A mid-June Badger Poll, conducted by the University of Wisconsin-Madison, finds the vast majority of Wisconsin residents are quite pessimistic about both national politics as well as the direction of the nation.
Only 33 percent of Wisconsinites are satisfied with the direction of the United States—virtually the same results found by the Badger Poll in a survey conducted in a late October 2006 (32 percent) in advance of that fall’s general election. Sixty-three percent are disatisfied.
In addition to having strong concerns about foreign policy and the situation in Iraq, Badger State residents have a particularly sour view about the state of the nation’s economy, with only 16 percent expecting economic conditions to get better during the next year, while more than double that amount (37 percent) expecting it to get worse.
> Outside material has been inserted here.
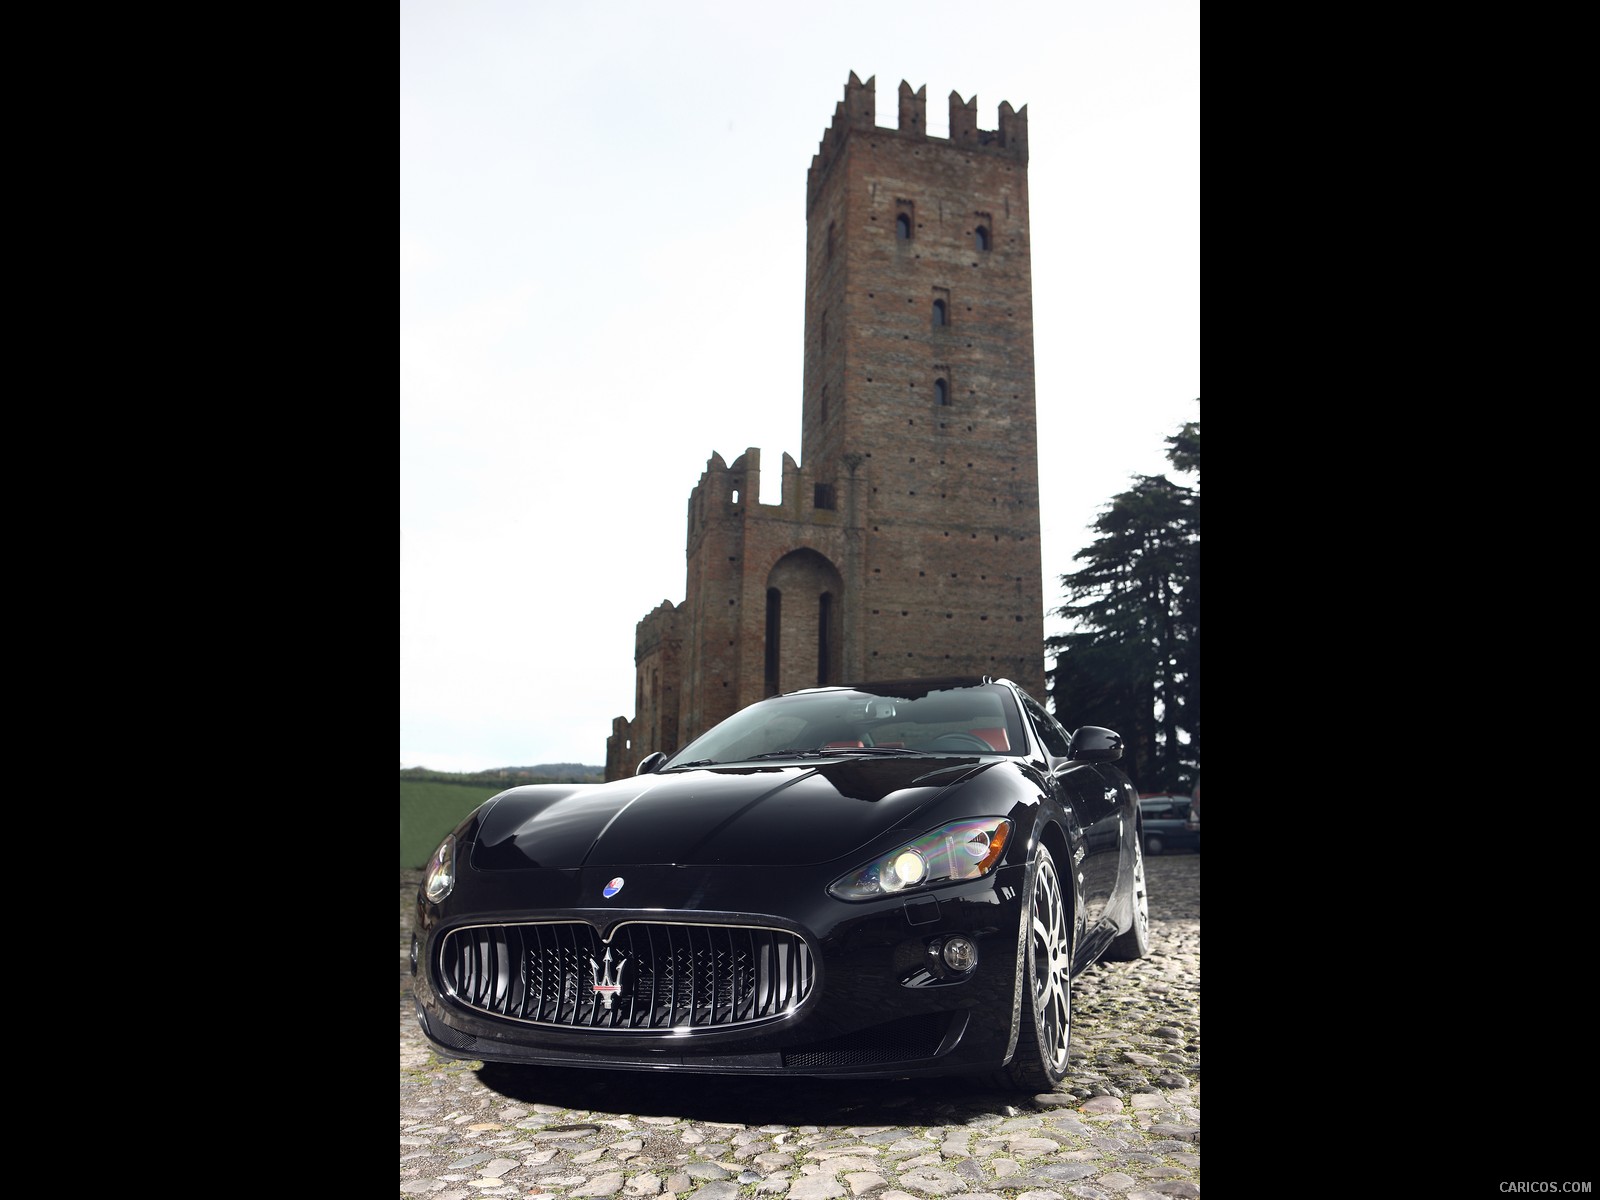 Maserati GranTurismo S (2009)  - Front Angle , #9 of 40

National economic forecasting was much rosier for Wisconsinites in March 2002 (56 percent ‘better’), October 2004 (46 percent) and May 2005 (31 percent).
President Bush’s approval rating—at 30 percent—mirrors that found in several recent polls both nationally and in the state of Wisconsin. However, although Congress gets fairly low marks nationally, at 41 percent Wisconsinites have much a higher approval rating of the legislative branch. The poll also found that by more than a four-to-one margin, Wisconsin residents believe the level of ethics and honest in Washington, D.C. has fallen (45 percent) during the Bush presidency compared to risen (10 percent). About half (44 percent) feel things have stayed about the same.